→ **What the task requires**:
Look through the listing below for the line containing "Yuri’s Night London". Copy it and each line after it up to and including the line containing "showing the ingredients", exactly, leaving out pictures.

→ **Data to use**:
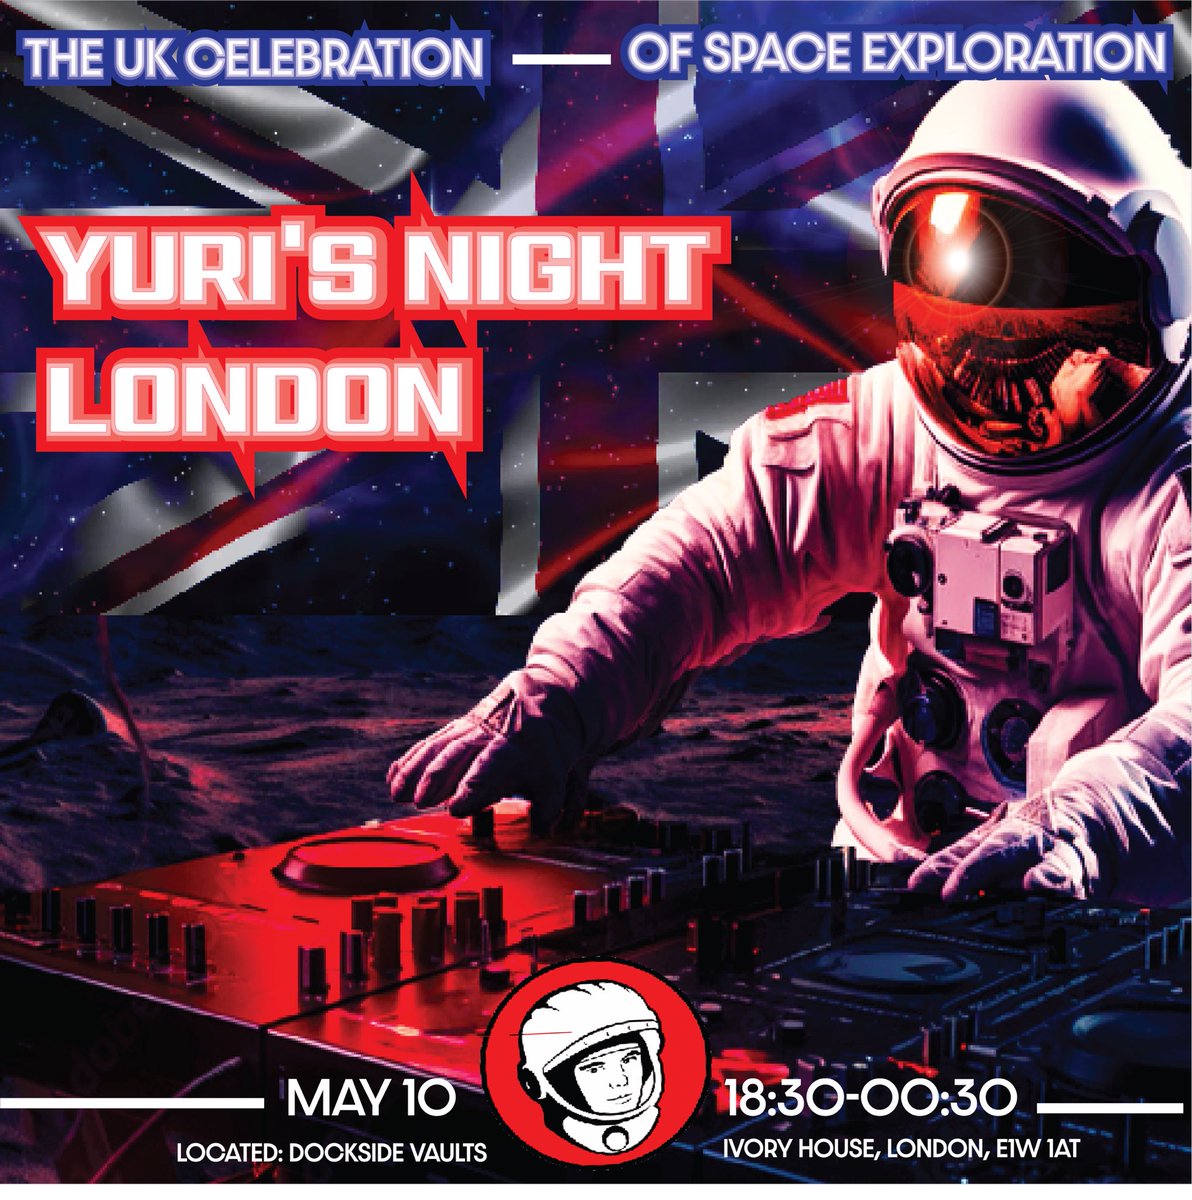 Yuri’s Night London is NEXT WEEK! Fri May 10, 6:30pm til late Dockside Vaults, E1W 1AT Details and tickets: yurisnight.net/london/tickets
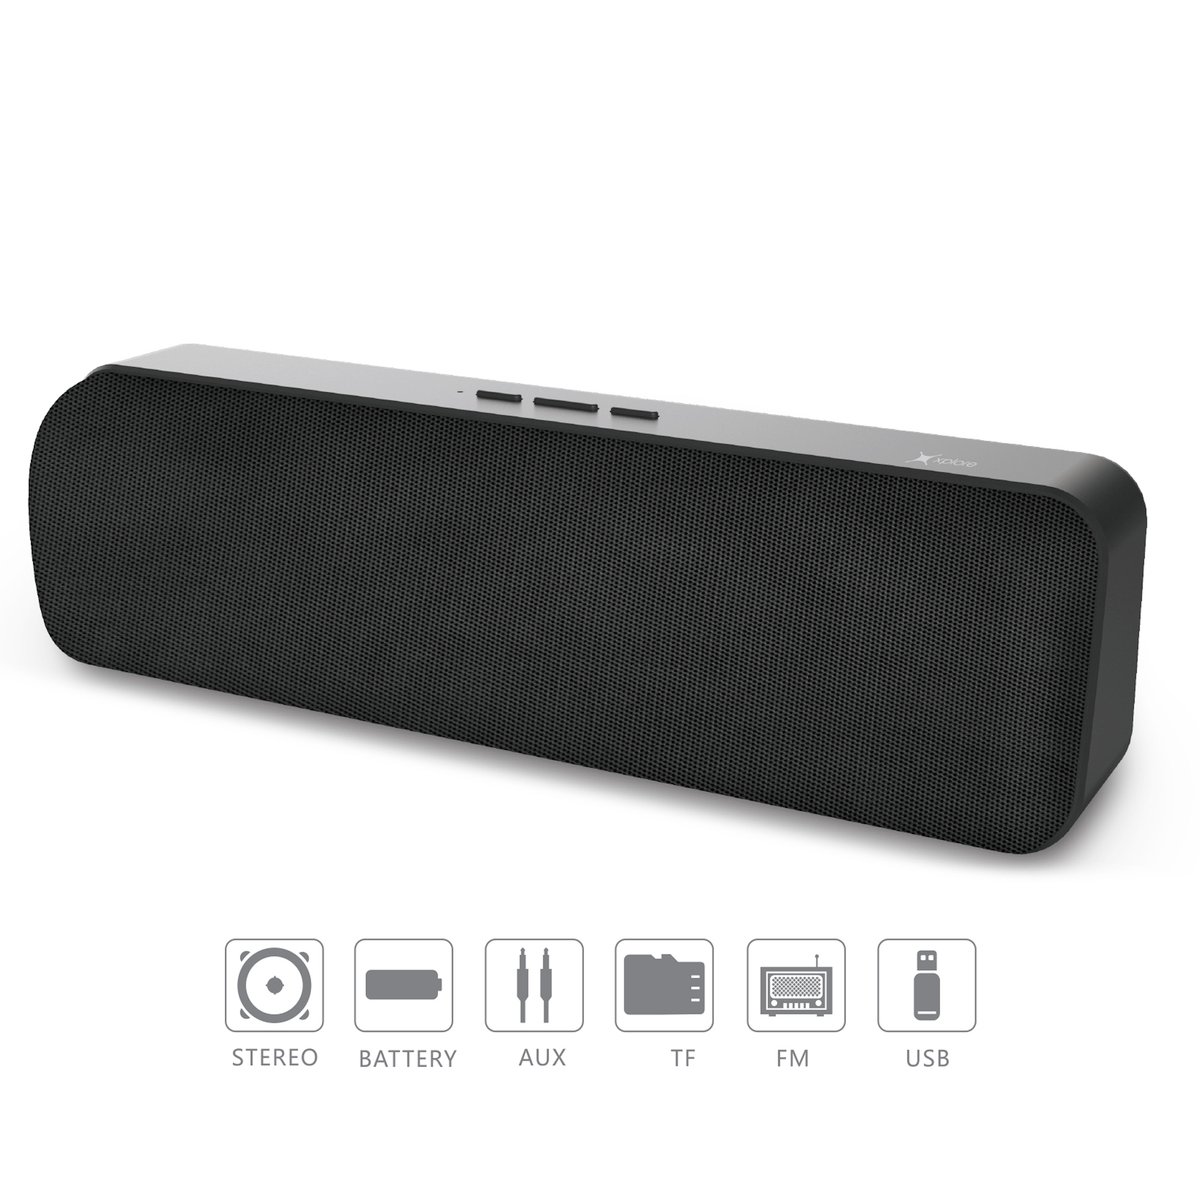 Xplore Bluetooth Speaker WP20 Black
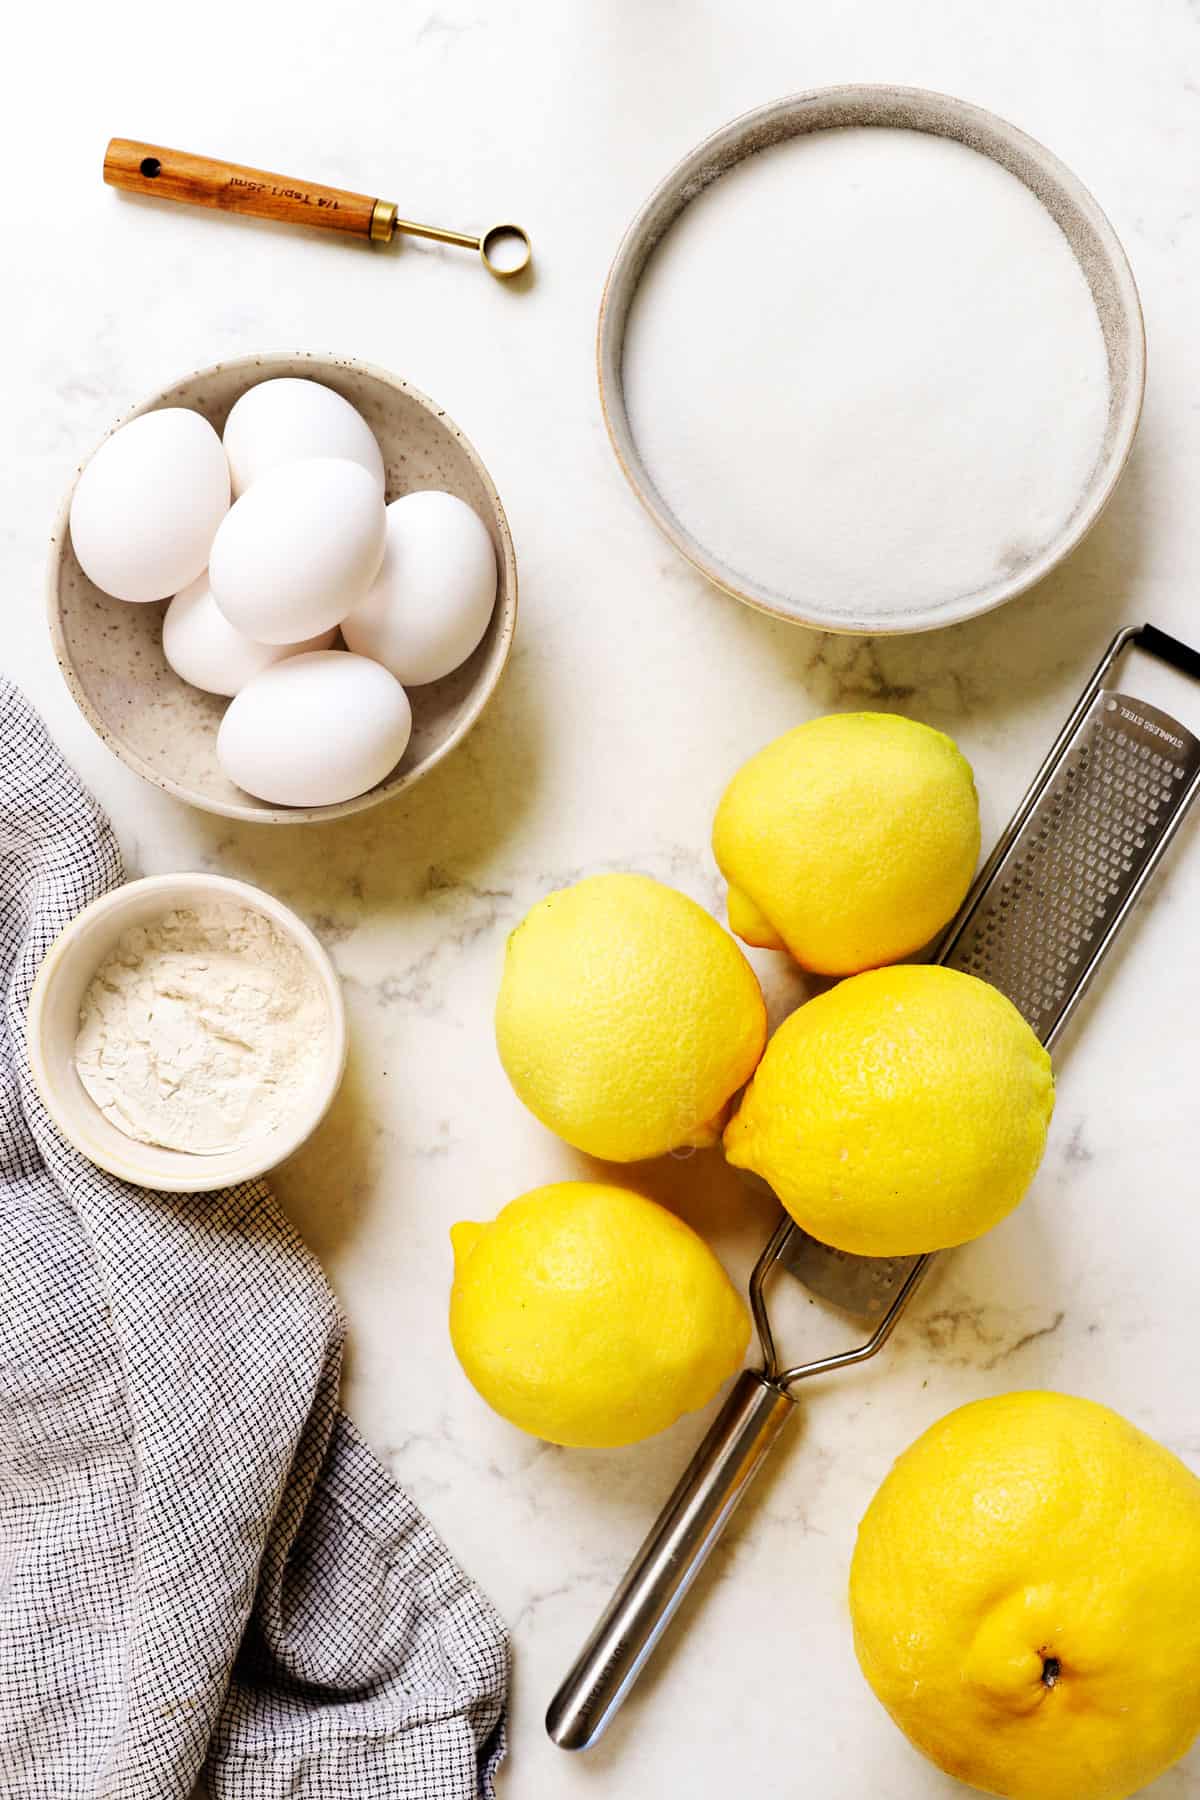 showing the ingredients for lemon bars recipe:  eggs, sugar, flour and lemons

---

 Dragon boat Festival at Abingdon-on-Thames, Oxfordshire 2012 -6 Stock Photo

→ **Completed task**:
 Yuri’s Night London is NEXT WEEK! Fri May 10, 6:30pm til late Dockside Vaults, E1W 1AT Details and tickets: yurisnight.net/london/tickets
 Xplore Bluetooth Speaker WP20 Black
 showing the ingredients for lemon bars recipe:  eggs, sugar, flour and lemons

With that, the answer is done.